$\require{AMScd}$
We will show that your statements 1. and 2. are equivalent to the following:
- There exists an isomorphism $\mu : M \to M' \oplus M''$ such that the following diagram with exact rows commutes
\begin{CD} 0 @>>> M' @>f>> M @>g>> M'' @>>> 0\\ @. @V\text{Id}_{M'}VV @V\mu VV @VV\text{Id}_{M''}V\\ 0 @>>> M' @>i>> M' \oplus M'' @>p>> M'' @>>> 0 \end{CD} Here, $i$ and $p$ are the obvious injection and projection respectively.

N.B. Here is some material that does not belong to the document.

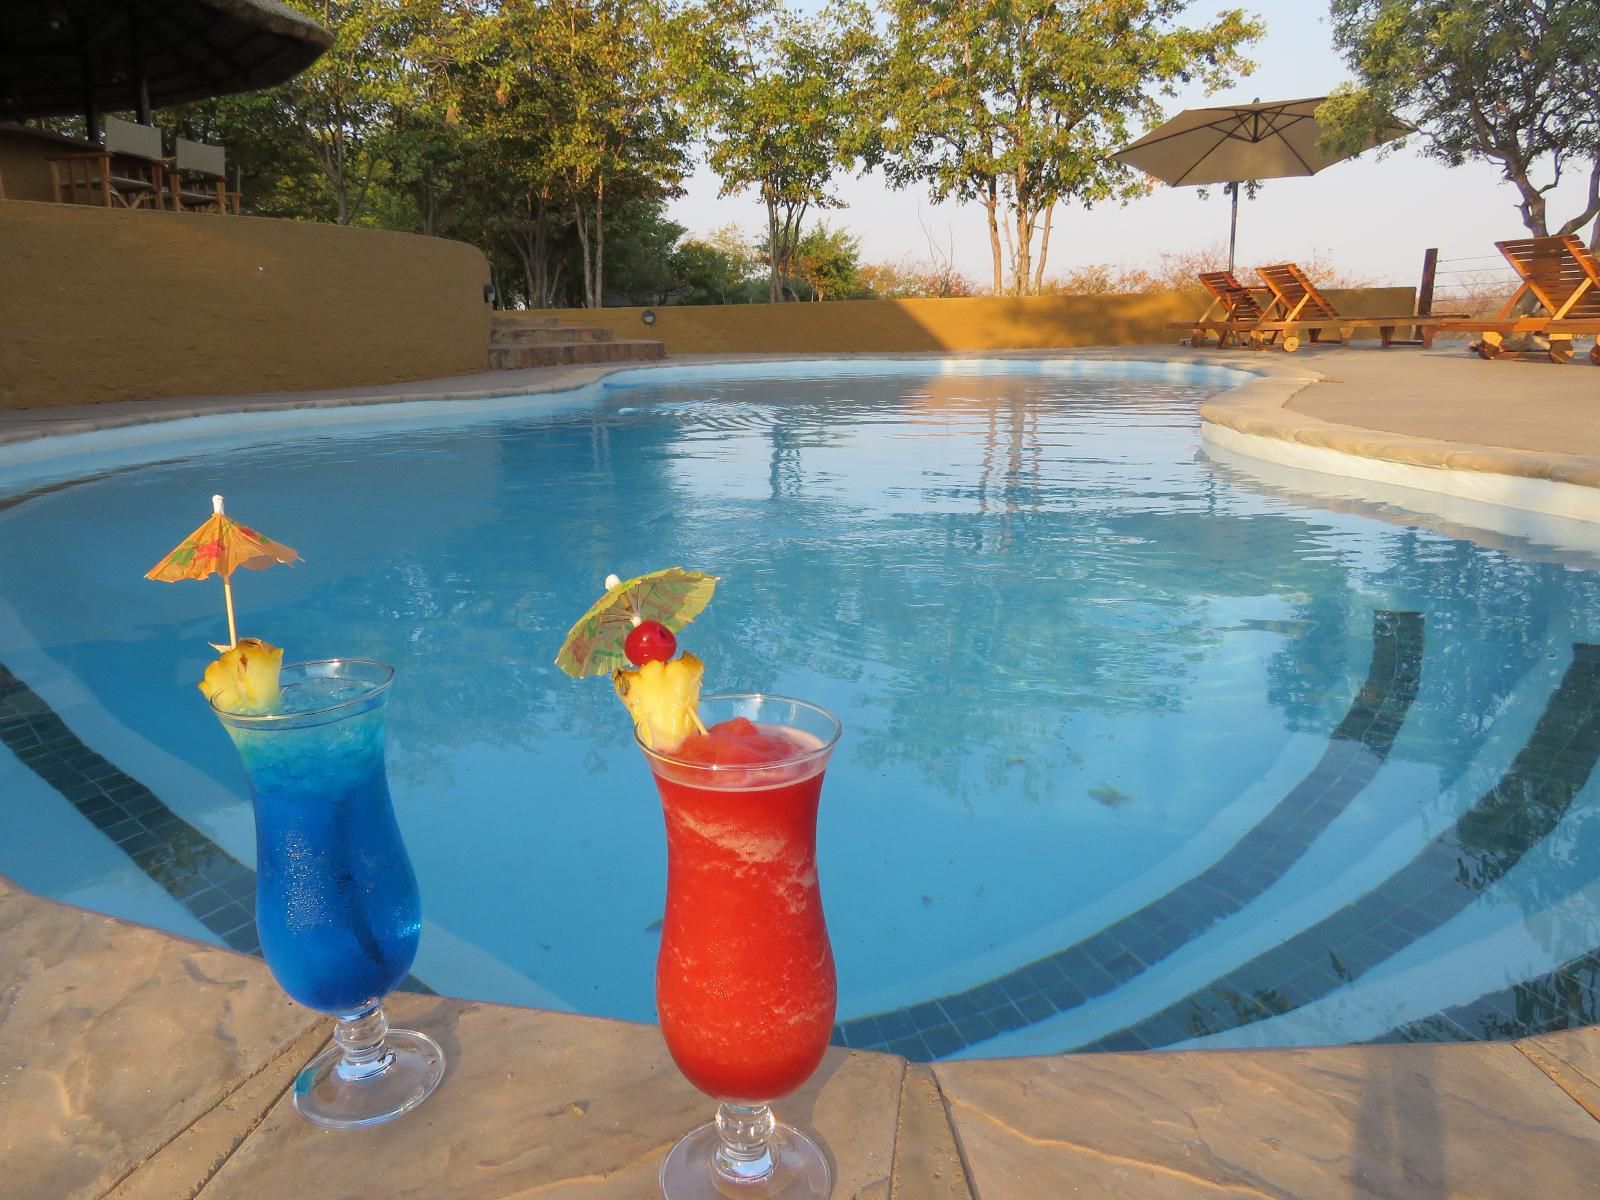 Mopane Bush Lodge Mapungubwe Region Limpopo Province South Africa Complementary Colors, Drink, Food, Swimming Pool

(3. $\implies$ 2.) Define $\psi := \text{pr}_{M'} \circ \mu$. Here, $\text{pr}_{M'} : M' \oplus M'' \to M'$ is defined by $(m',m'') \mapsto m'$. Then for $m' \in M'$ we have $$ (\psi \circ f)(m') = \text{pr}_{M'}(\mu(f(m'))) = \text{pr}_{M'}(i(m')) = \text{pr}_{M'}(m',0) = m', $$ where we used that the left square in the diagram commutes.
(3. $\implies$ 1.) Define $\phi(m'') := \mu^{-1}(0,m'')$ for $m'' \in M''$. Then we have $$ (g \circ \phi)(m'') = g(\mu^{-1}(0,m'')) = p(0,m'')=m'', $$ where again we used that the right square commutes, and that $\mu$ is bijective.
(2. $\implies$ 3.) Let $\mu(m) := (\psi(m),g(m))$. You can check that the diagram does indeed commute. By the five lemma, $\mu$ is an isomorphism, since $\text{Id}$ is always bijective.
(1. $\implies$ 3.) Define $\nu : M' \oplus M'' \to M$ by $\nu(m',m'') = f(m')+\phi(m'')$. You can check that the following diagram then commutes: \begin{CD} 0 @>>> M' @>f>> M @>g>> M'' @>>> 0\\ @. @A\text{Id}_{M'}AA @A\nu AA @AA\text{Id}_{M''}A\\ 0 @>>> M' @>i>> M' \oplus M'' @>p>> M'' @>>> 0 \end{CD} Again, by the five lemma we have that $\nu$ is an isomorphism, so 3. follows.
Now we have shown that 1. and 2. are equivalent to 3., so in particular 1. and 2. are equivalent. Hope this helps!